From my own experience, I've been working on my MP3 juke/server software Andromeda since about 1999. A few years later some guy came up with a GPL'd app Zina (Zina is not Andromeda, which he describes: "It is similar to Andromeda, but released under the GNU General Public License"). And, in turn, I've seen others with forked versions of Zina.
So, I've certainly seen OS projects following a proprietary work, BUT I've also seen proprietary projects that follow other proprietary projects too.
Most ideas are part of a flow, and I don't think that I would characterize OS as any more or less derivative than proprietary work -- except when it comes to the endless GPL forking.
IMHO, the main problem with OS is that the coders aren't getting paid.
Here's what I do: Bitty Browser & Andromeda
You can't steal what is freely given. The distinction between quoting with and without attribution, which you fail to make, is also important.
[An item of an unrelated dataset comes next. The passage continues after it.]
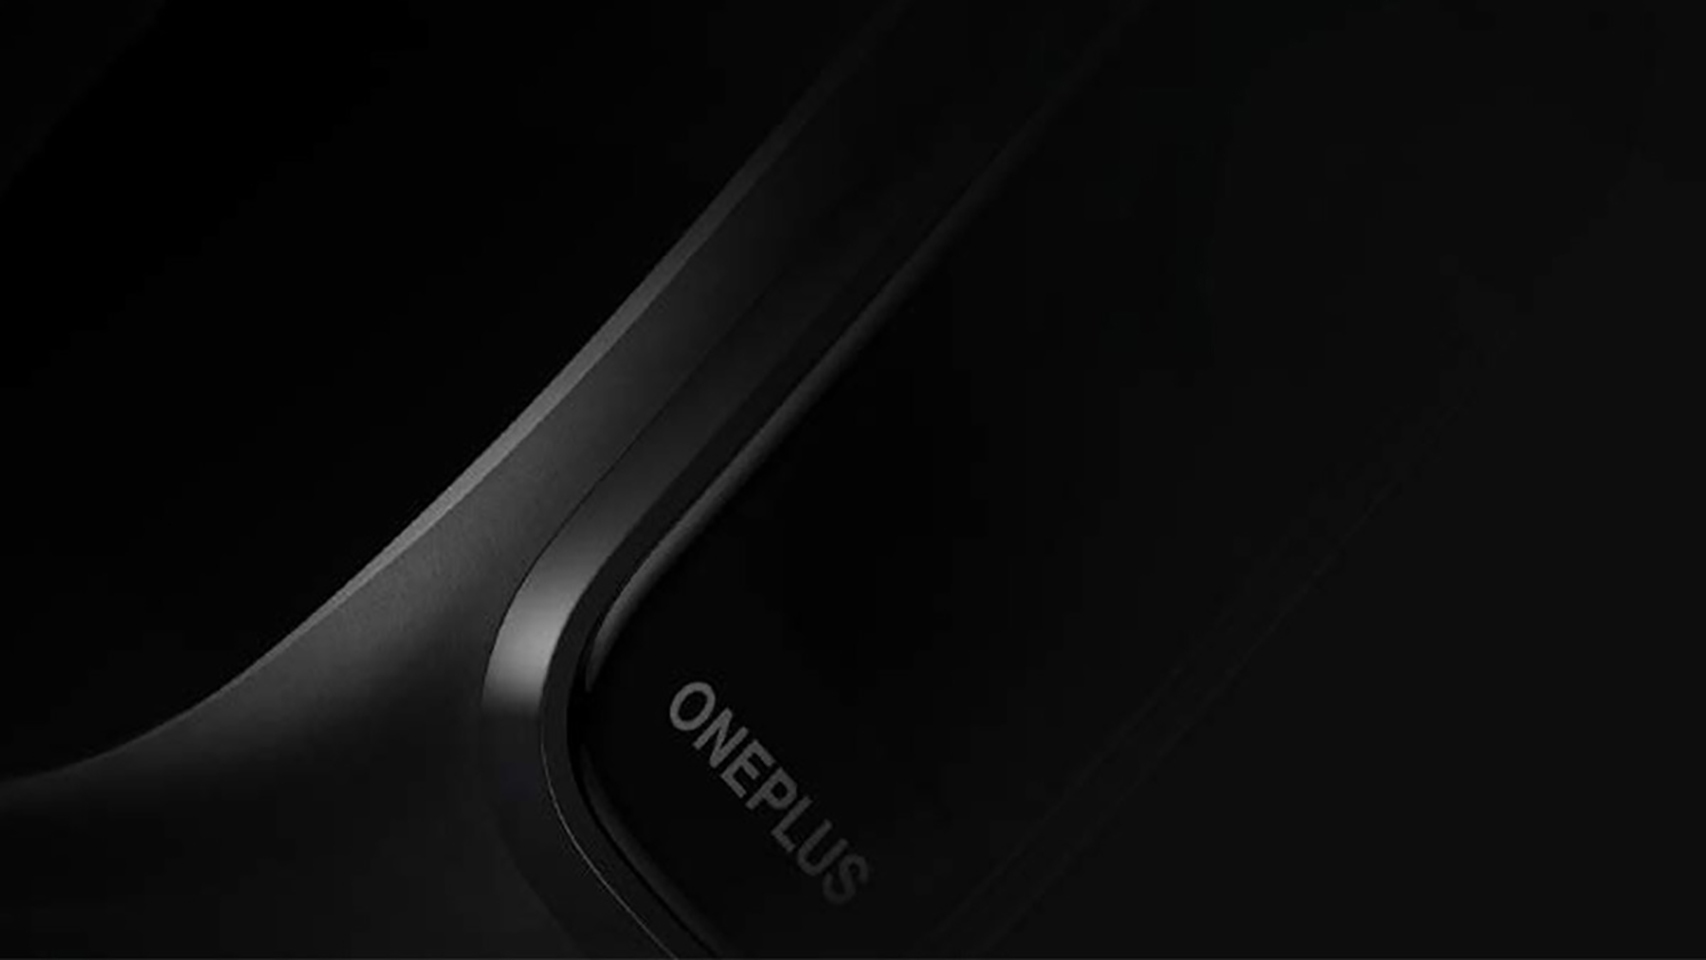 Smartband de OnePlus.

Much of what's written on blogs is deliberately put into the public domain, with a clear desire on the authors' part to see it get broader distribution. Many bloggers obsessively track who's linking or responding to them, or how they stand on the various blogger rankings, or where they are on Google's list of hits for particular pet terms. It's a universal enough phenomenon that it's the exceptions - the people who do not want their material used elsewhere - who should be required to identify themselves. The default assumption, which mirrors copyright law, should be that if someone made a concrete effort to publish and didn't make an effort to limit the scope of that publication then it's public domain.
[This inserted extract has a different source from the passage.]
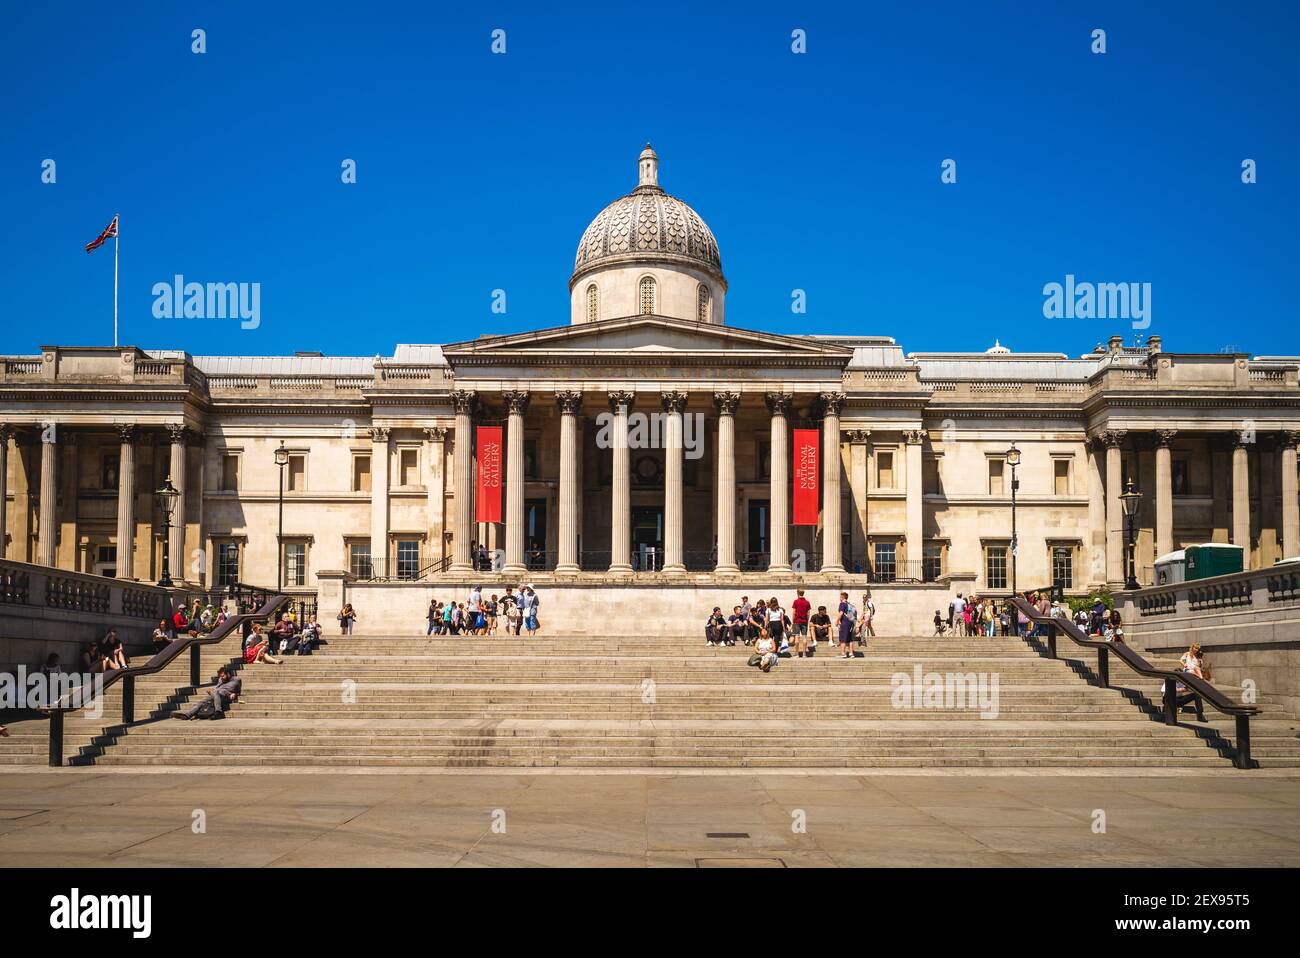 29 giugno 2018: National Gallery, un museo d'arte fondato nel 1824 e situato in Trafalgar Square nella città di Westminster, Londra, Regno Unito. Questo edificio w Foto Stock

Slashdot - News for Herds. Stuff that Splatters.
Notions have to be tested by application or creative misapplication. There's a certain prestige associated with showing good taste in your choosing what memes you "echo". There's a strong trace of that in blogging.
It's interesting to consider humour memes, that is little bits of "humour" creativity (quirks, expressions, situations) that are widely echoed by television viewers. For example, several Seinfeld memes (as in "Moops") are still circulating. But a humour meme, unlike a physical invention, once "tested" and "approved" is dead when it has circulated widely and been repeated enough not to produce laughter anymore.
Then 20 years later, the memes can be re-circulated (That 70s Show) for new profit. In my experience, machines don't have this virtue. (My TRS-80 is long gone!)
Less creative television and movies resort to "jolts per minute". We could also call this "weak memes per minute". An actor celebrated for his weak-meme work can pursue a career as Governor. ;^)
Rich And Stupid is not so bad as Working For Rich And Stupid.